Catch A Fire set reggae ablaze
The Jamaica Observer’s Entertainment Desk continues with the 12th of its biweekly feature looking at seminal moments that have helped shape Jamaica over the past 60 years.
IN 1963, three youngsters from Jamaican urban inner city formed the singing group The Wailers, and would go on to conquer the world.
Peter Tosh, Bunny [Livingston] Wailer and Bob Marley would go on to take Jamaica’s musical sound to the world. They started off with ska, but it was reggae, influenced by the teachings of Marcus Garvey and the philosophy of Rastafari, that they would use to stamp them name on global musical history.
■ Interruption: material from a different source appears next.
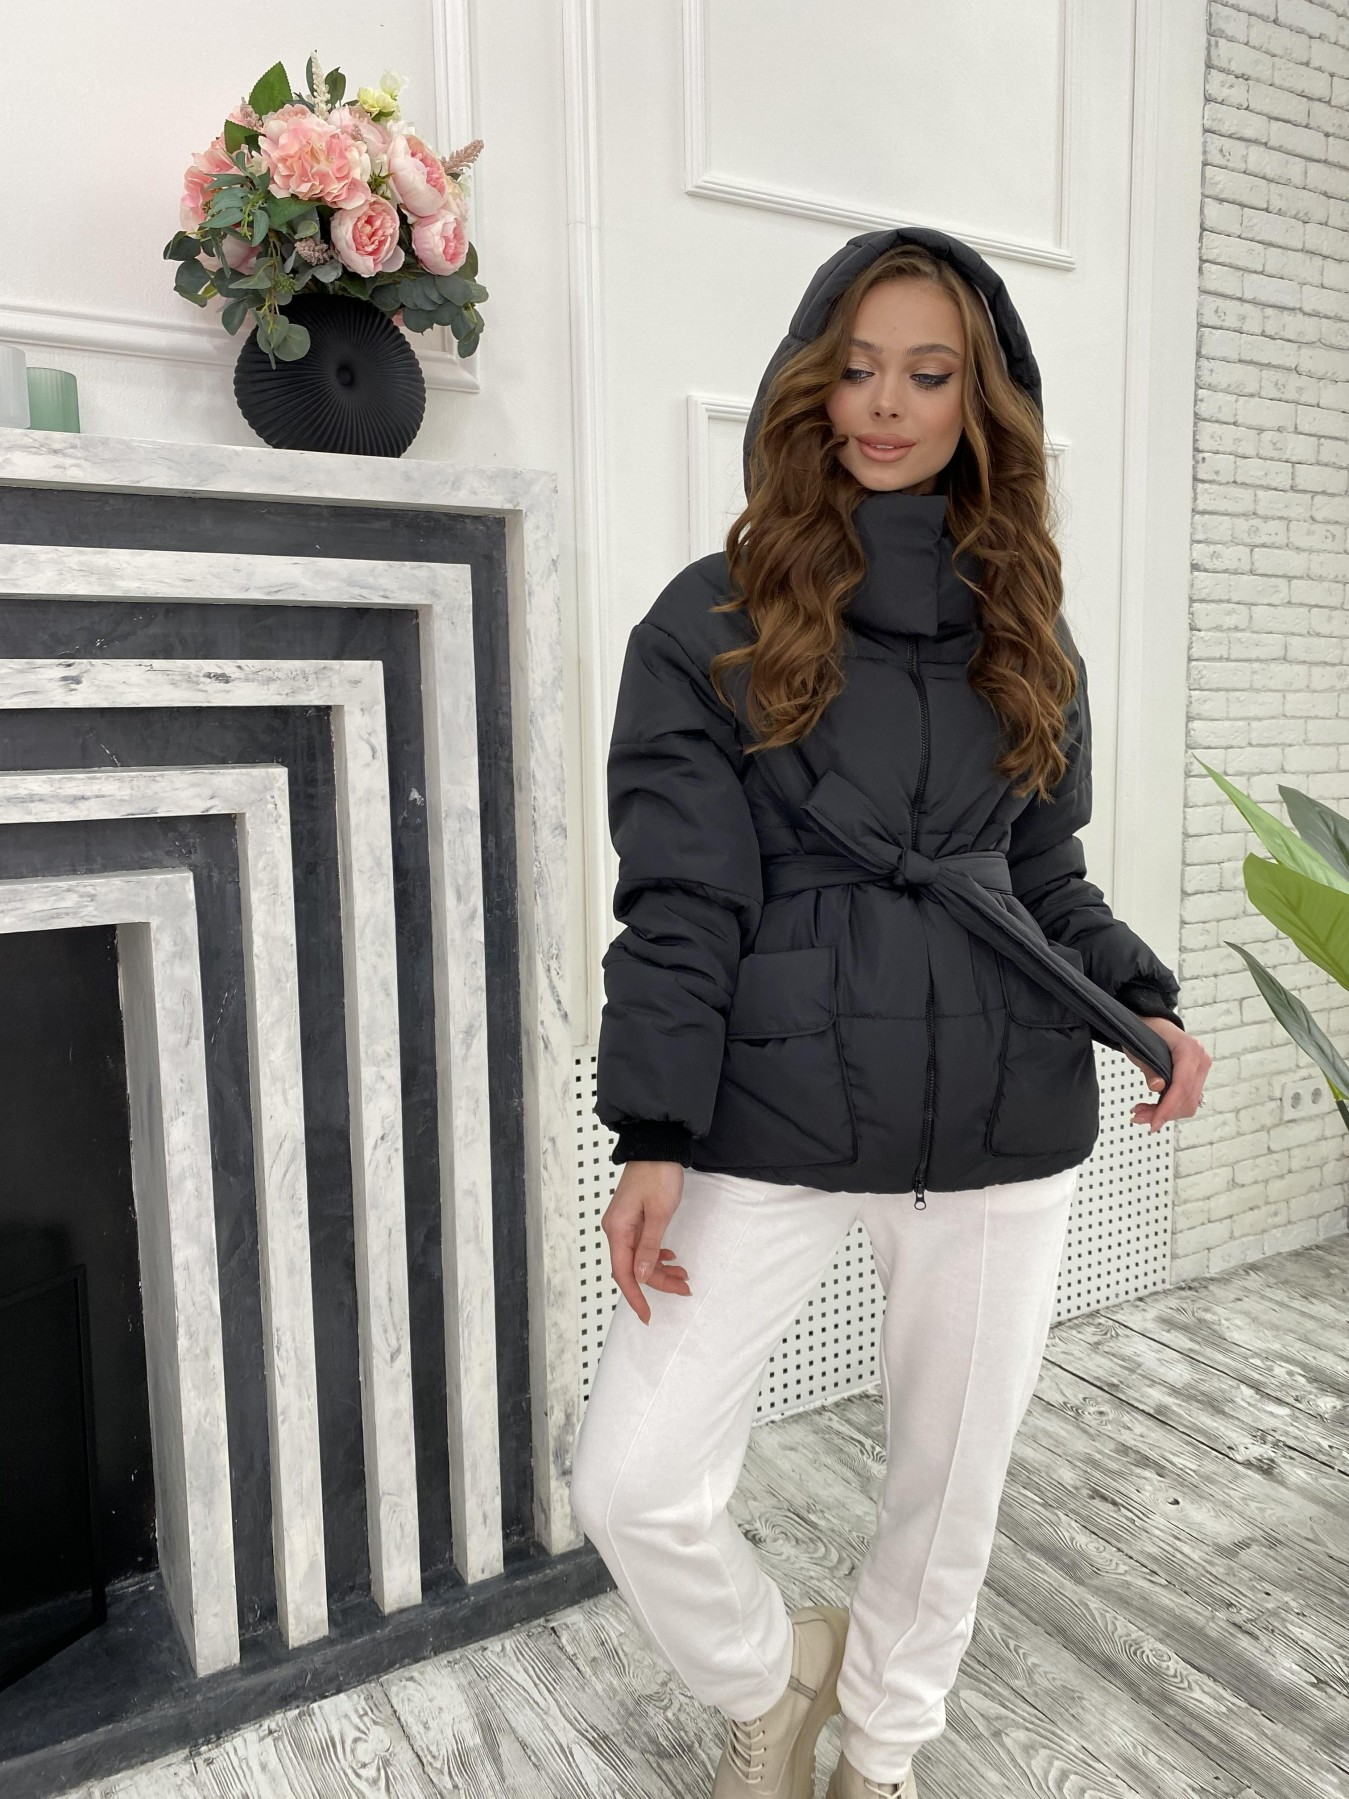 Док куртка из  плащевки Ammy 10822 АРТ. 47299 Цвет: Черный - фото 4, интернет магазин tm-modus.ru
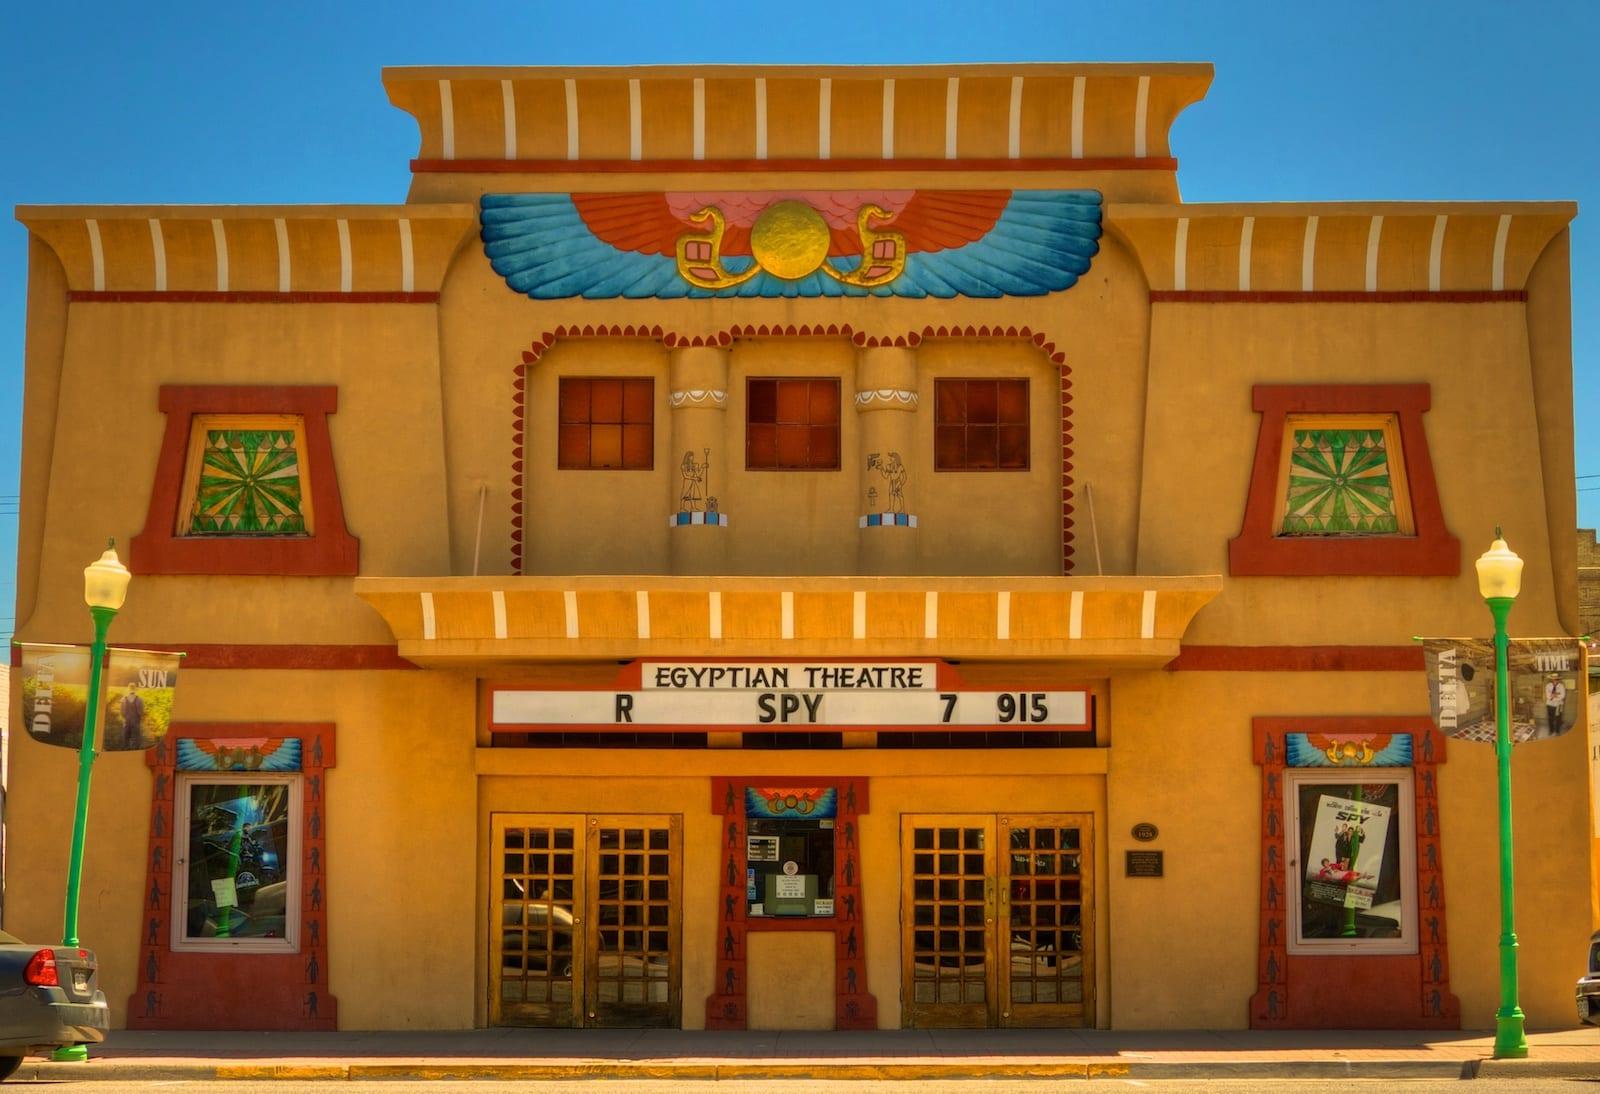 Egyptian Theatre in Delta, Colorado,

Although others joined and left the group, namely Junior Brathwaite, Beverly Kelso, and Cherry Smith, it was the triumvirate of Tosh, Wailer and Marley who would become the standard-bearers.
The Wailers had notable successes both locally and internationally, but all this would change with the 1973 release of Catch A Fire.
Following a tour in the UK, the group was introduced to Chris Blackwell of Island Records who agreed to pay them in advance, said to be in the region of £8,000, for an album even though he did not have a contract with the Jamaican trio. The bandmates returned to Jamaica, recorded the tracks and within months Catch A Fire was born.
The album has nine songs, two of which were written and composed by Peter Tosh, the remaining seven were by Bob Marley. The album had a limited original release under the name The Wailers in a sleeve depicting a Zippo lighter, designed by graphic artists Rod Dyer and Bob Weiner; subsequent releases had an alternative cover designed by John Bonis featuring an Esther Anderson portrait of Marley smoking a “spliff”, and used the name Bob Marley and the Wailers.
The tracks on the original release of Catch A Fire are: Concrete Jungle, Slave Driver, 400 Years, Stop That Train, Baby We’Ve Got A Date, Stir It Up, Kinky Reggae, No More Trouble, and Midnight Ravers.
So impressed, the team from Island Records organised a tour of the album for markets in England and the United States to help generate interest.
Catch A Fire peaked at number 171 on the Billboard 200 and 51 on the Billboard Black Albums charts. Critical acclaim has included the album being listed at number 126 on Rolling Stone’s 500 Greatest Albums of All Time, second only to Legend among five Bob Marley albums on the list. It is regarded as one of the top reggae albums of all time.